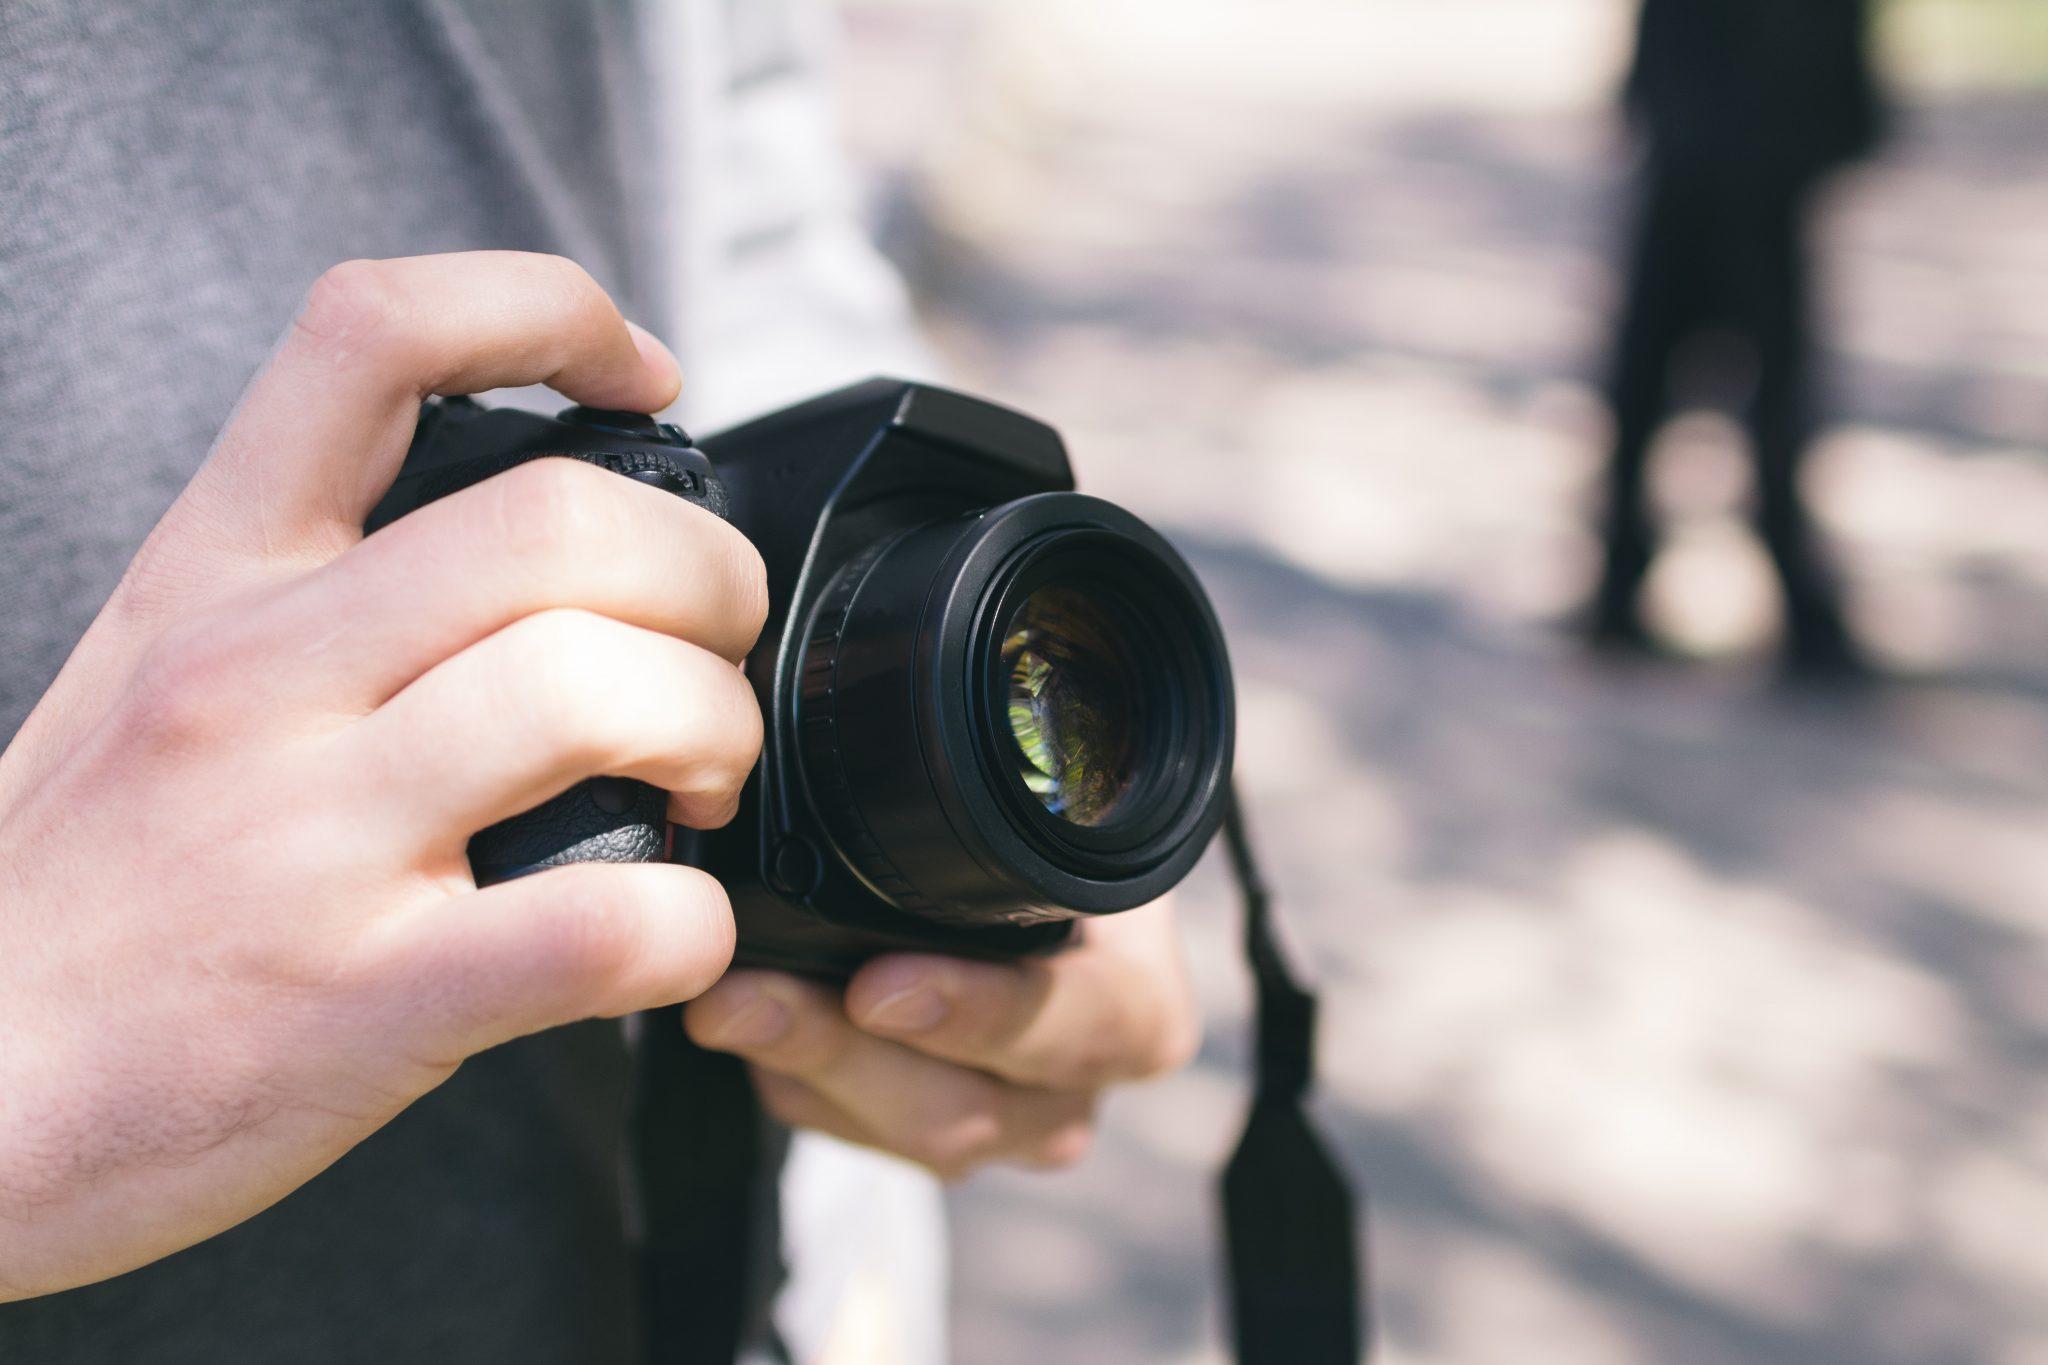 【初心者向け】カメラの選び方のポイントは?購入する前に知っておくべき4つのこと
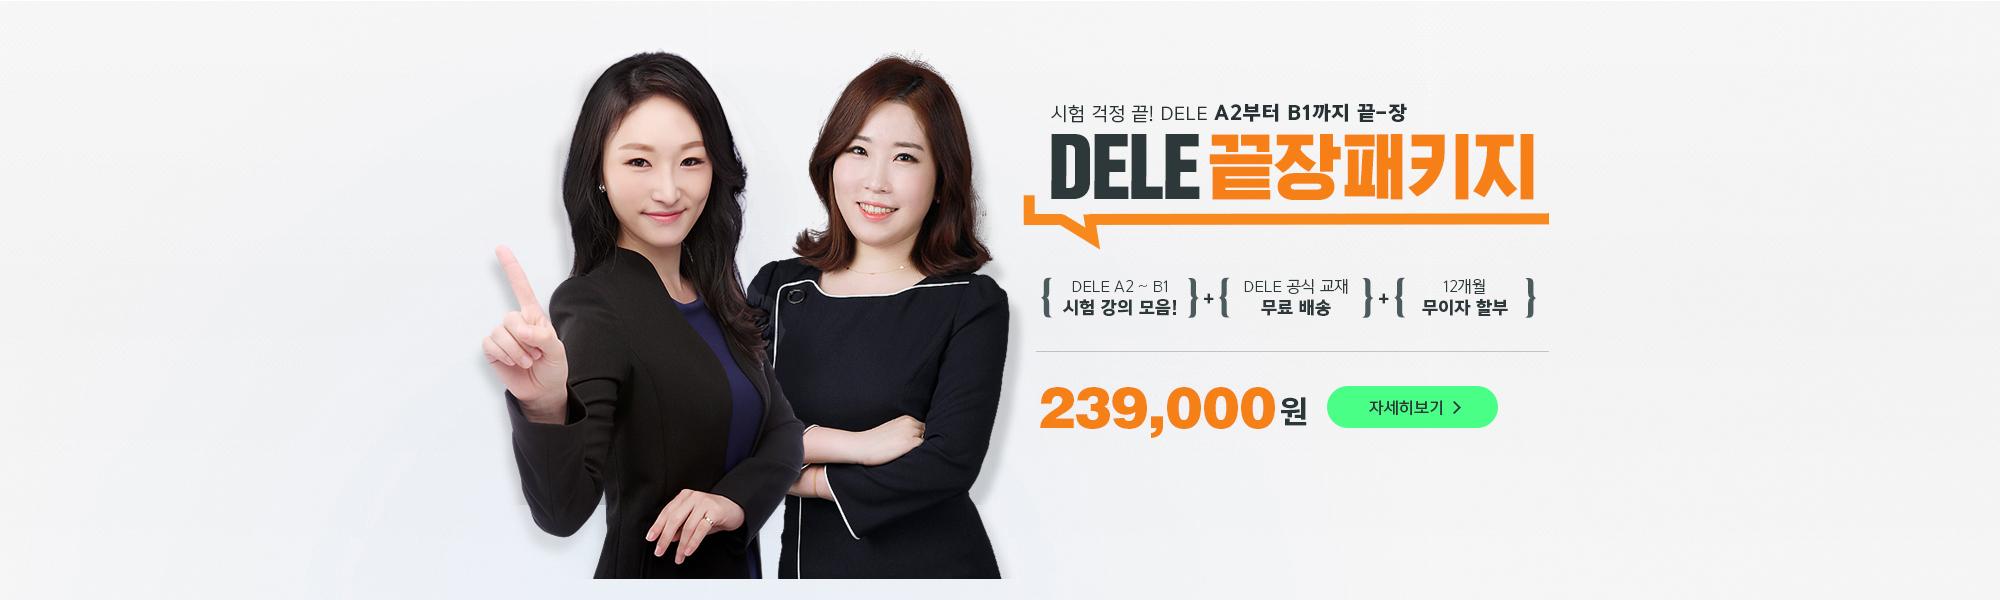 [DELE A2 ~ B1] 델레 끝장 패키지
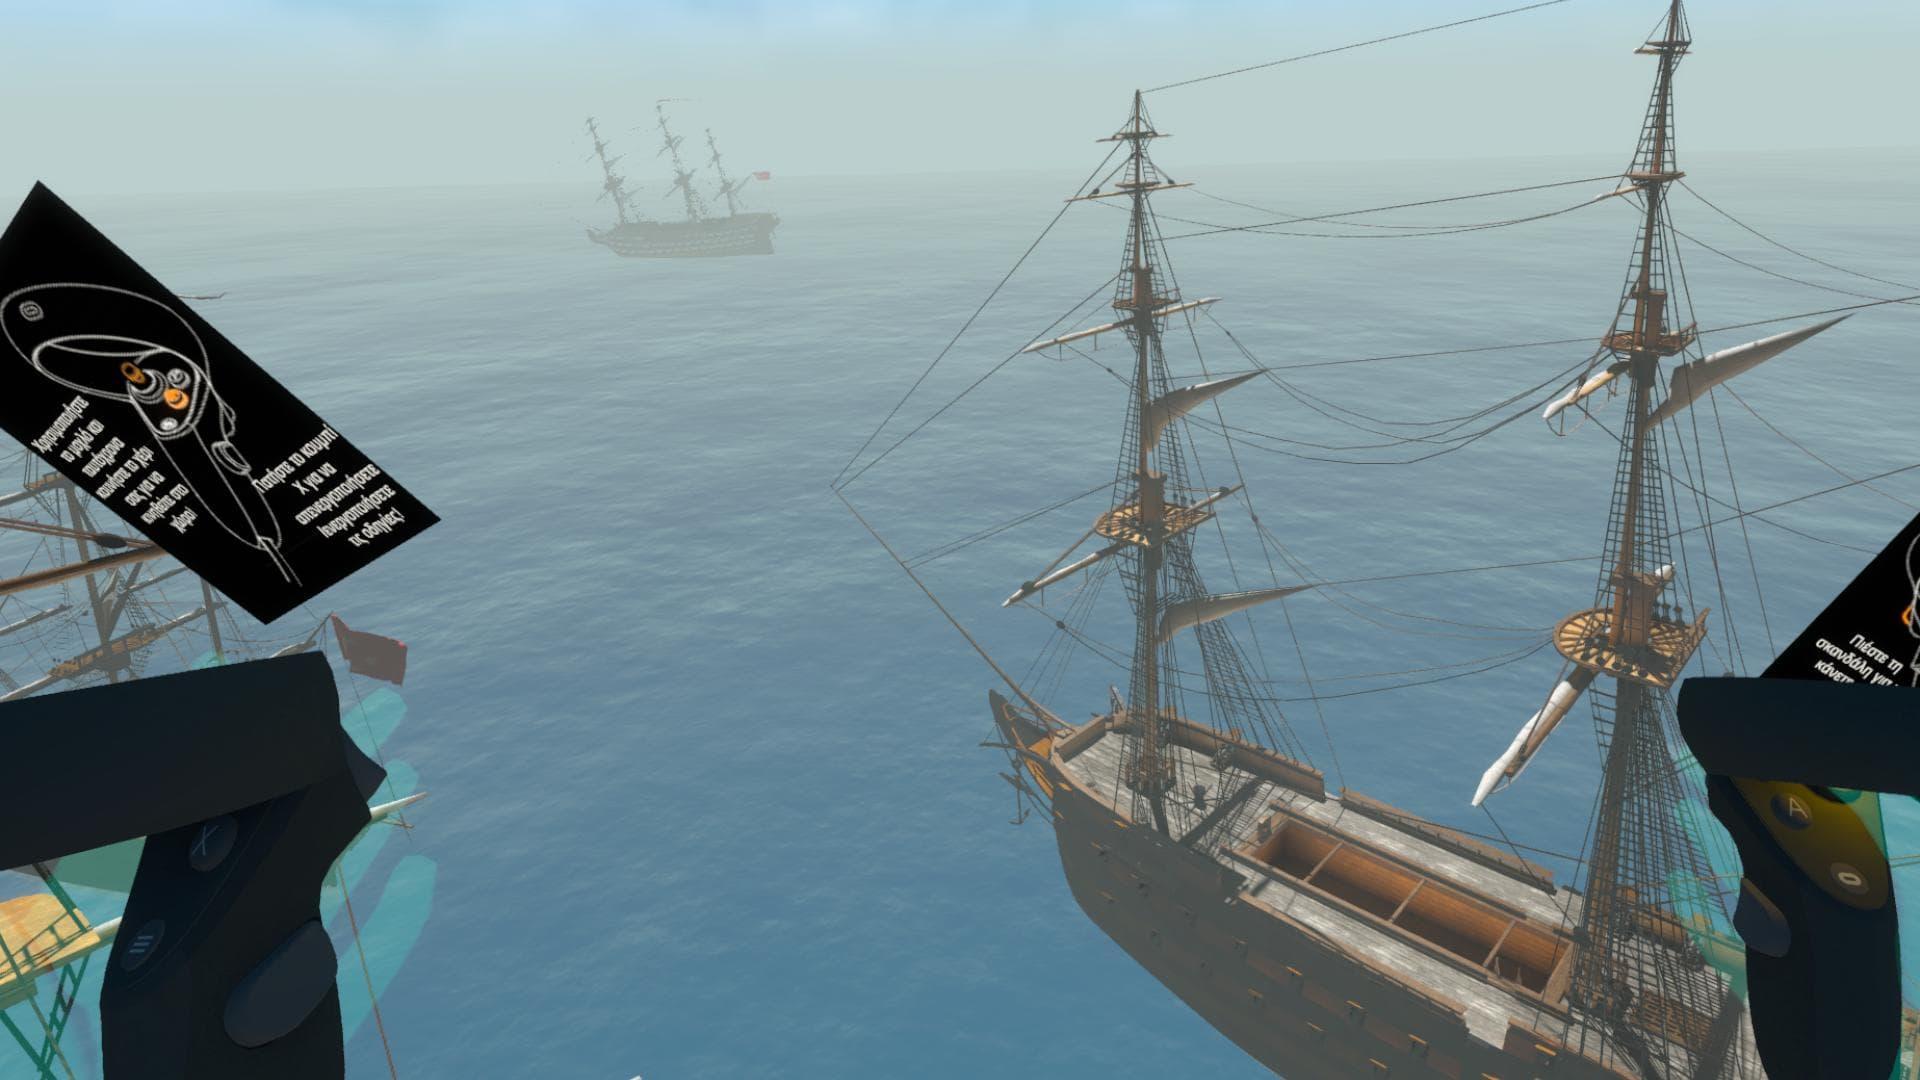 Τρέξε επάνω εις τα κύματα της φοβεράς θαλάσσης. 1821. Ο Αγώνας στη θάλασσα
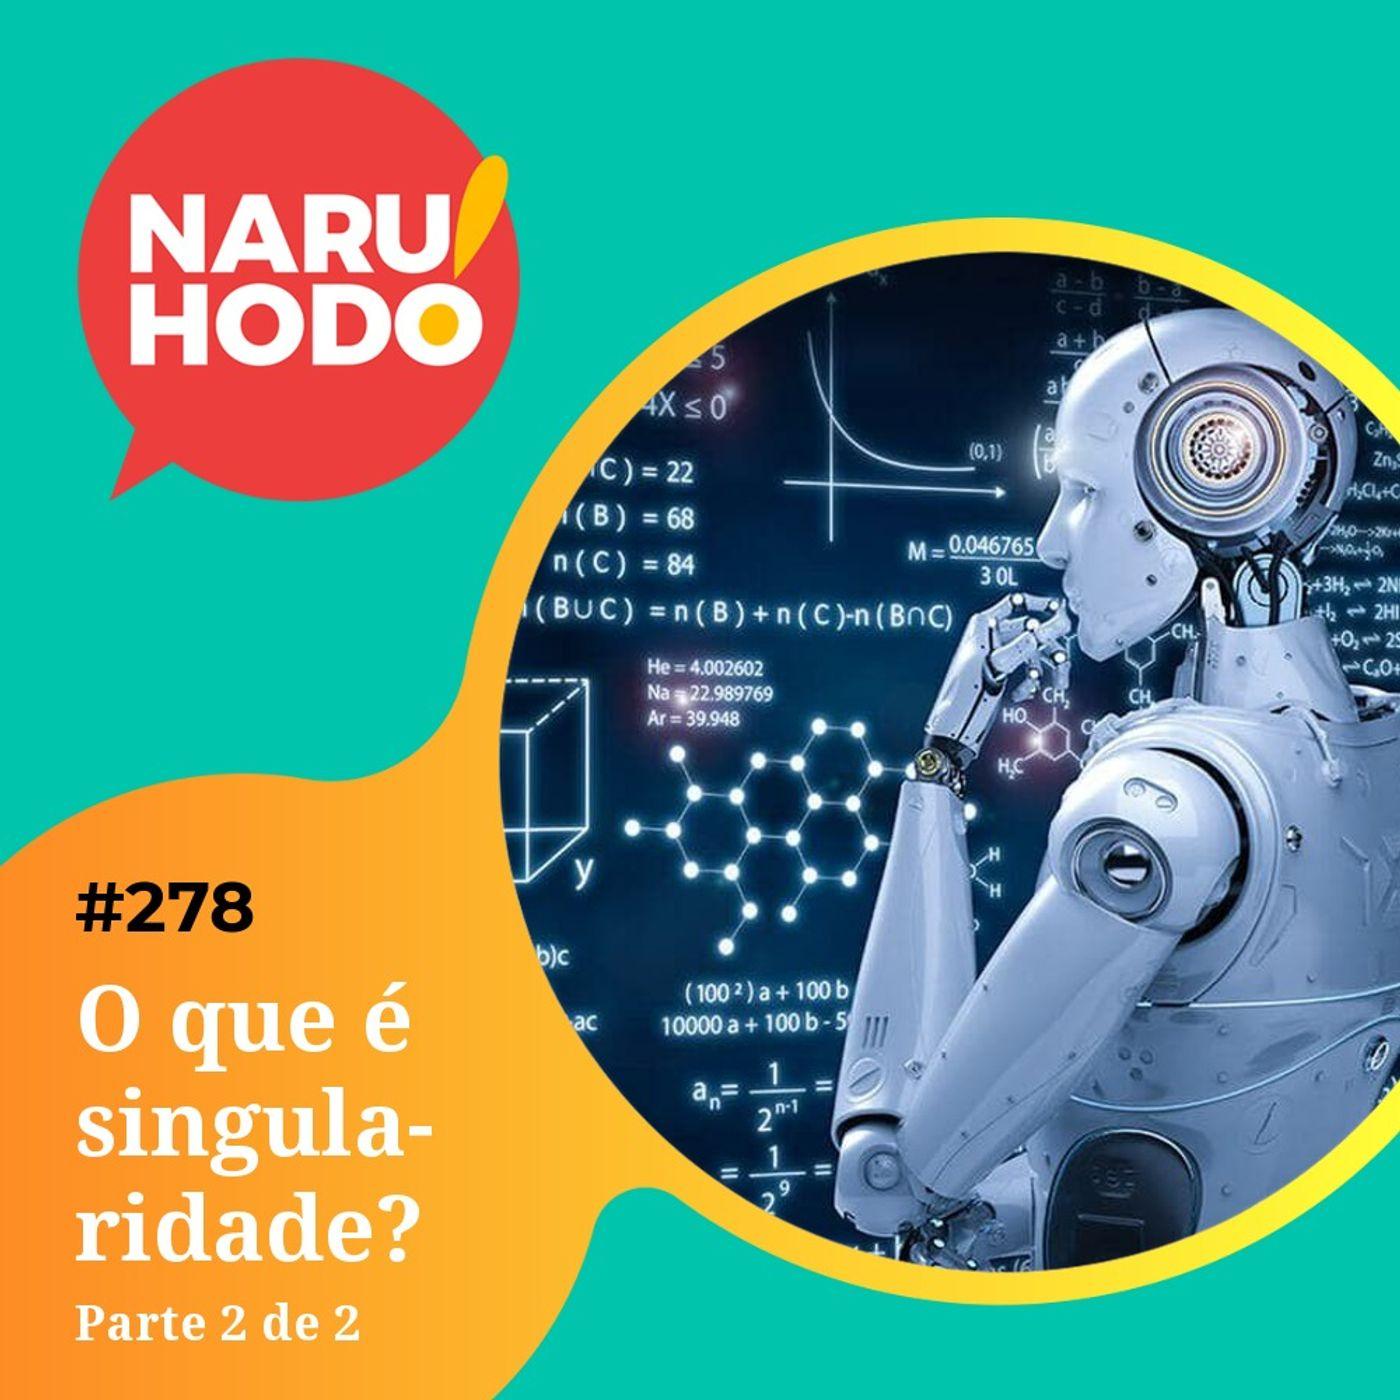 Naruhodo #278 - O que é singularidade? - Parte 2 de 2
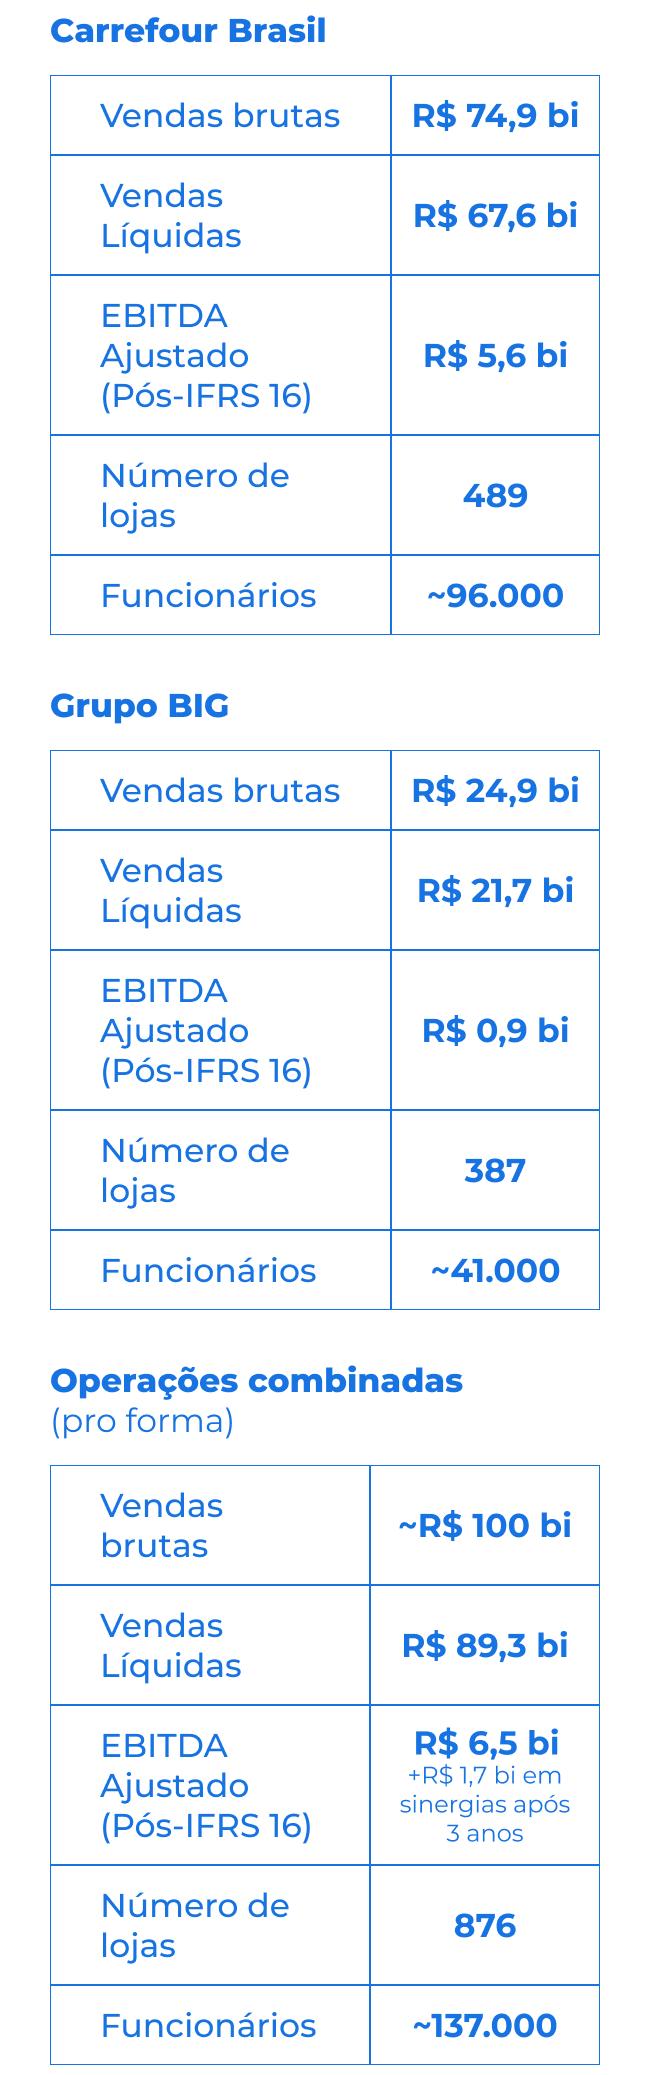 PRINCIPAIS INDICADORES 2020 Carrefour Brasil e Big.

> [Task description] Drop every picture, then write out the remaining entries above exactly as they appear.

> [Reply]
 【初心者向け】カメラの選び方のポイントは?購入する前に知っておくべき4つのこと
 [DELE A2 ~ B1] 델레 끝장 패키지
 Τρέξε επάνω εις τα κύματα της φοβεράς θαλάσσης. 1821. Ο Αγώνας στη θάλασσα
 Naruhodo #278 - O que é singularidade? - Parte 2 de 2
 PRINCIPAIS INDICADORES 2020 Carrefour Brasil e Big.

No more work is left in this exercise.